Was ist der Unterschied zwischen gestrichenem Papier und Synthetikpapier für QR-Code-Etiketten?
Gestrichenes Papier ist kostengünstig und eignet sich für Etiketten von Haushaltschemikalien sowie Lebensmittel-Verzieretiketten, ist jedoch nicht wasserfest. Synthetikpapier ist wasserfest und reißfest, eignet sich für Außenbereiche und Tiefkühlumgebungen und kostet etwa doppelt so viel wie gestrichenes Papier. Beide Materialien sind mit Digitaldruck und Stanzverarbeitung kompatibel.
Was ist besser für QR-Code-Etiketten: Digitaldruck oder Offsetdruck?
Digitaldruck unterstützt den Druck variabler Daten – jedes Etikett kann einen individuellen QR-Code tragen, ohne Druckplattenkosten, und eignet sich für Kleinserien und Individualisierung. Offsetdruck eignet sich für Großserien mit geringeren Kosten, unterstützt jedoch keine variablen Daten. Bei QR-Codes mit variablen Daten muss Digitaldruck gewählt werden.
Wie wählt man die Fehlerkorrekturstufe eines QR-Codes?
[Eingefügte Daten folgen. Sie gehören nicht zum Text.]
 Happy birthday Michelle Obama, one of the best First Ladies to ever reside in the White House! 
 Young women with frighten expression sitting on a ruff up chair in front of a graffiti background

Stufe L (7 %) eignet sich für saubere Umgebungen. Stufe M (15 %) eignet sich für allgemeine Alltagsszenarien. Stufe Q (25 %) und Stufe H (30 %) eignen sich für Außenbereiche, Tiefkühlung oder Szenarien mit Kratzrisiko. Je höher die Fehlerkorrekturstufe, desto größer der QR-Code-Bereich, was eine größere Etikettenfläche erfordert.
Können farbige QR-Codes normal gescannt werden?
Die Scan-Erfolgsquote bei farbigen QR-Codes ist niedriger als bei schwarz-weißen Codes. Entscheidend ist der Farbkontrast – die Farbdifferenz zwischen dunklen Modulen und hellem Hintergrund muss groß genug sein. Schwarz auf Weiß ist die stabilste Lösung. Bei farbigen Designs empfiehlt es sich, Farben nur im Markenbereich zu verwenden und den Lesebereich des QR-Codes schwarz-weiß zu halten.
Beeinflusst die Laminierung den QR-Code-Scan?
Mattlaminat beeinflusst den Scan kaum. Glanzlaminat kann durch starke Reflexionen bei hellem Licht zu Scanfehlern führen. Für Außenetiketten wird Mattlaminat empfohlen. Die Laminierung schützt die bedruckte Oberfläche des QR-Codes vor Kratzern und Verschmutzungen und ist für den Langzeiteinsatz überwiegend vorteilhaft.